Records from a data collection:
##############################

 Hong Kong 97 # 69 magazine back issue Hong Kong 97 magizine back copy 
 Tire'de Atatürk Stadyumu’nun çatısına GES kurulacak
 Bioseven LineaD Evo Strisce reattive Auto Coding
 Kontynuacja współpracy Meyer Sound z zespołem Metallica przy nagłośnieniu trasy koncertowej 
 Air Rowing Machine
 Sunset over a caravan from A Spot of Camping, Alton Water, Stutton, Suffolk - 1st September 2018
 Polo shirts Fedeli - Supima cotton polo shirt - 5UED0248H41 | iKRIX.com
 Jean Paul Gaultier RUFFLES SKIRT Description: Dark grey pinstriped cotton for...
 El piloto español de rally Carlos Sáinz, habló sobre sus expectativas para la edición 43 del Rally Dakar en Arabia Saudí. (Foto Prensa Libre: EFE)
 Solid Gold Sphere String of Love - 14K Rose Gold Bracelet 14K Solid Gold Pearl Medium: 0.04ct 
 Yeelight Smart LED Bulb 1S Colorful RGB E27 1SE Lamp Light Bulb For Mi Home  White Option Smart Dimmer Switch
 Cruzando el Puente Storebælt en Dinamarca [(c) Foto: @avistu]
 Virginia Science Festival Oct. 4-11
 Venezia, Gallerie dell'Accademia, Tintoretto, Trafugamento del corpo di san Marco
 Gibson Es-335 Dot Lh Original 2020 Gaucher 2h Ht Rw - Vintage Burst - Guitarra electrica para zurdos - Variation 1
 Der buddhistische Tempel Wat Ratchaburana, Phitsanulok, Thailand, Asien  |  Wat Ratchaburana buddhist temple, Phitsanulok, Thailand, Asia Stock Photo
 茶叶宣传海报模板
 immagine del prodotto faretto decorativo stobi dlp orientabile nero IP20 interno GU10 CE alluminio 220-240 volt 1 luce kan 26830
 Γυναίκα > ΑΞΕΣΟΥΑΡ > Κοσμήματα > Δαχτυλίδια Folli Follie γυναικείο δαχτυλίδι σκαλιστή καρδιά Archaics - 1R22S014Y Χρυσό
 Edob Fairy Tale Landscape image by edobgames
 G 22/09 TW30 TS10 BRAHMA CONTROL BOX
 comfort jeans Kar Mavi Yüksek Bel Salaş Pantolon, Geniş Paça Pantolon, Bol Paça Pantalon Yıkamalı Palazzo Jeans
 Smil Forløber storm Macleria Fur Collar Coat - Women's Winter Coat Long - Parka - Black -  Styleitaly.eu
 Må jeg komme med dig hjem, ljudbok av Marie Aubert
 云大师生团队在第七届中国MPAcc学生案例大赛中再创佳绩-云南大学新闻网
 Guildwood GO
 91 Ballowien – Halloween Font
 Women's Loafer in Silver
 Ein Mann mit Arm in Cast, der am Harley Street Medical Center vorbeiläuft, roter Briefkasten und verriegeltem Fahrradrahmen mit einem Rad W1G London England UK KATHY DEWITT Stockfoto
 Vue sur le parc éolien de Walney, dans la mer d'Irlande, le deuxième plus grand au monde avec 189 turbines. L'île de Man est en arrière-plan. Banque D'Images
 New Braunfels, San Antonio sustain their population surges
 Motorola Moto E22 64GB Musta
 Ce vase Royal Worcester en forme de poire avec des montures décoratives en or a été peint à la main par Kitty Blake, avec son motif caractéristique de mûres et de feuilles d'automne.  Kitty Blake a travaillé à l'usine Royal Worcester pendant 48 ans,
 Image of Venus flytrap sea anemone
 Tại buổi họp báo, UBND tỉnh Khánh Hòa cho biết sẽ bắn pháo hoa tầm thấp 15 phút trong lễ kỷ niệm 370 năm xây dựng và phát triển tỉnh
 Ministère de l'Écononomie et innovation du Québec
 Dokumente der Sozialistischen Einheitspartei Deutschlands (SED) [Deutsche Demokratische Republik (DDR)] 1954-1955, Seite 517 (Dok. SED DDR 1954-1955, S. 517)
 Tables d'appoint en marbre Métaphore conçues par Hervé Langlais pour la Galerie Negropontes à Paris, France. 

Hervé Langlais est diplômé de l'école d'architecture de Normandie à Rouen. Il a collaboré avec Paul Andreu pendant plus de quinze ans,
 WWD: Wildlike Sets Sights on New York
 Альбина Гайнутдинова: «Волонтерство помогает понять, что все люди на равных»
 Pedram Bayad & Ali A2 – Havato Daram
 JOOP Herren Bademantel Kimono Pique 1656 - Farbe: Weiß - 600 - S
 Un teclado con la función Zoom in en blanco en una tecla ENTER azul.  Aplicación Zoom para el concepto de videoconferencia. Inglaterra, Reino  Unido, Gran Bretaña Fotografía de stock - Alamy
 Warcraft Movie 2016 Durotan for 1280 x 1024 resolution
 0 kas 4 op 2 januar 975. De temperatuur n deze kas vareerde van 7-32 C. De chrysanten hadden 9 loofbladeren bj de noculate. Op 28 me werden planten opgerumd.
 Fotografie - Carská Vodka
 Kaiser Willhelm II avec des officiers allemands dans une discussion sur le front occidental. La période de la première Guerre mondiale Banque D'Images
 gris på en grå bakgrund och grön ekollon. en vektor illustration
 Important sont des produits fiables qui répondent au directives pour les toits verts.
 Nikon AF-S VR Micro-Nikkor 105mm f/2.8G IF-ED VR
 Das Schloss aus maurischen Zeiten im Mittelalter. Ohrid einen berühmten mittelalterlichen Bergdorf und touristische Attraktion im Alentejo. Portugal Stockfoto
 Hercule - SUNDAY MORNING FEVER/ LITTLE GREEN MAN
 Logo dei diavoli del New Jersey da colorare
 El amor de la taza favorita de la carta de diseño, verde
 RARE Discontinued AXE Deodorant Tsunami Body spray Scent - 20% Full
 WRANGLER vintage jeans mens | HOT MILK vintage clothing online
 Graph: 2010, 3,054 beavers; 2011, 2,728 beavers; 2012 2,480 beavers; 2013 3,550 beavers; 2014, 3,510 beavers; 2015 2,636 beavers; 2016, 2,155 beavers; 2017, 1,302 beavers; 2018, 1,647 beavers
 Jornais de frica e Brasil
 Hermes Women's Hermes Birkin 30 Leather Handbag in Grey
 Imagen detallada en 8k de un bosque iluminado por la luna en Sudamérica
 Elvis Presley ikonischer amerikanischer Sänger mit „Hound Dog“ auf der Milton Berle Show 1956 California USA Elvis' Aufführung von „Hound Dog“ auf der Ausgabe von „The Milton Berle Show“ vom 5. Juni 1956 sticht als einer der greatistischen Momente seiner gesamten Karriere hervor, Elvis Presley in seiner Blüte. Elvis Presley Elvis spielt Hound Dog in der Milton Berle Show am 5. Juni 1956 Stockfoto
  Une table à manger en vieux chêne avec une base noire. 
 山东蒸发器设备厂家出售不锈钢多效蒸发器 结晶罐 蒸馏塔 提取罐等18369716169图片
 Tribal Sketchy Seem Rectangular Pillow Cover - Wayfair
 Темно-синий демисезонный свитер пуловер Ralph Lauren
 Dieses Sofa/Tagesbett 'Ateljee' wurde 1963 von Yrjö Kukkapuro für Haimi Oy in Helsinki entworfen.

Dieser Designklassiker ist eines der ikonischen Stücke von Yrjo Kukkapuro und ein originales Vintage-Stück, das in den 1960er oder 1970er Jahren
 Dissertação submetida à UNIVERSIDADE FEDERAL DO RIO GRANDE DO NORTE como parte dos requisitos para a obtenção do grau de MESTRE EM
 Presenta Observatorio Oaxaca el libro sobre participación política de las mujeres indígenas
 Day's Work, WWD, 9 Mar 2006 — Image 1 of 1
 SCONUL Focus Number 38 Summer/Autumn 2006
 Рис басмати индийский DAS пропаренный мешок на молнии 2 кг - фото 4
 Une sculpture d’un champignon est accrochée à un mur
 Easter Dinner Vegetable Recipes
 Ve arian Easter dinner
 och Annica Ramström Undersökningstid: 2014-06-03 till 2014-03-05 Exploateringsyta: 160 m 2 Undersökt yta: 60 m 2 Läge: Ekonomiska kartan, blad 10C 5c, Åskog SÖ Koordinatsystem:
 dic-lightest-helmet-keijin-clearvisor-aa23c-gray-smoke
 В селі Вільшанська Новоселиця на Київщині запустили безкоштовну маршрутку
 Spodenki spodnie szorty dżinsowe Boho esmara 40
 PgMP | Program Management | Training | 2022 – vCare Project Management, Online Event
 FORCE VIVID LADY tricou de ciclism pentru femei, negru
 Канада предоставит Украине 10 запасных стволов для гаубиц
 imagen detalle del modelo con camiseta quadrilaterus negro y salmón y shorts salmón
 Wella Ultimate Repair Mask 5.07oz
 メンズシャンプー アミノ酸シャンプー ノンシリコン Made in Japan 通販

##############################

_YOUR OBJECTIVE:_ Each line from the top of the entries above through the line containing "Γυναίκα > ΑΞΕΣΟΥΑΡ" must be transcribed exactly, and no other line may appear.

_RESULT BELOW:_
 Hong Kong 97 # 69 magazine back issue Hong Kong 97 magizine back copy 
 Tire'de Atatürk Stadyumu’nun çatısına GES kurulacak
 Bioseven LineaD Evo Strisce reattive Auto Coding
 Kontynuacja współpracy Meyer Sound z zespołem Metallica przy nagłośnieniu trasy koncertowej 
 Air Rowing Machine
 Sunset over a caravan from A Spot of Camping, Alton Water, Stutton, Suffolk - 1st September 2018
 Polo shirts Fedeli - Supima cotton polo shirt - 5UED0248H41 | iKRIX.com
 Jean Paul Gaultier RUFFLES SKIRT Description: Dark grey pinstriped cotton for...
 El piloto español de rally Carlos Sáinz, habló sobre sus expectativas para la edición 43 del Rally Dakar en Arabia Saudí. (Foto Prensa Libre: EFE)
 Solid Gold Sphere String of Love - 14K Rose Gold Bracelet 14K Solid Gold Pearl Medium: 0.04ct 
 Yeelight Smart LED Bulb 1S Colorful RGB E27 1SE Lamp Light Bulb For Mi Home  White Option Smart Dimmer Switch
 Cruzando el Puente Storebælt en Dinamarca [(c) Foto: @avistu]
 Virginia Science Festival Oct. 4-11
 Venezia, Gallerie dell'Accademia, Tintoretto, Trafugamento del corpo di san Marco
 Gibson Es-335 Dot Lh Original 2020 Gaucher 2h Ht Rw - Vintage Burst - Guitarra electrica para zurdos - Variation 1
 Der buddhistische Tempel Wat Ratchaburana, Phitsanulok, Thailand, Asien  |  Wat Ratchaburana buddhist temple, Phitsanulok, Thailand, Asia Stock Photo
 茶叶宣传海报模板
 immagine del prodotto faretto decorativo stobi dlp orientabile nero IP20 interno GU10 CE alluminio 220-240 volt 1 luce kan 26830
 Γυναίκα > ΑΞΕΣΟΥΑΡ > Κοσμήματα > Δαχτυλίδια Folli Follie γυναικείο δαχτυλίδι σκαλιστή καρδιά Archaics - 1R22S014Y Χρυσό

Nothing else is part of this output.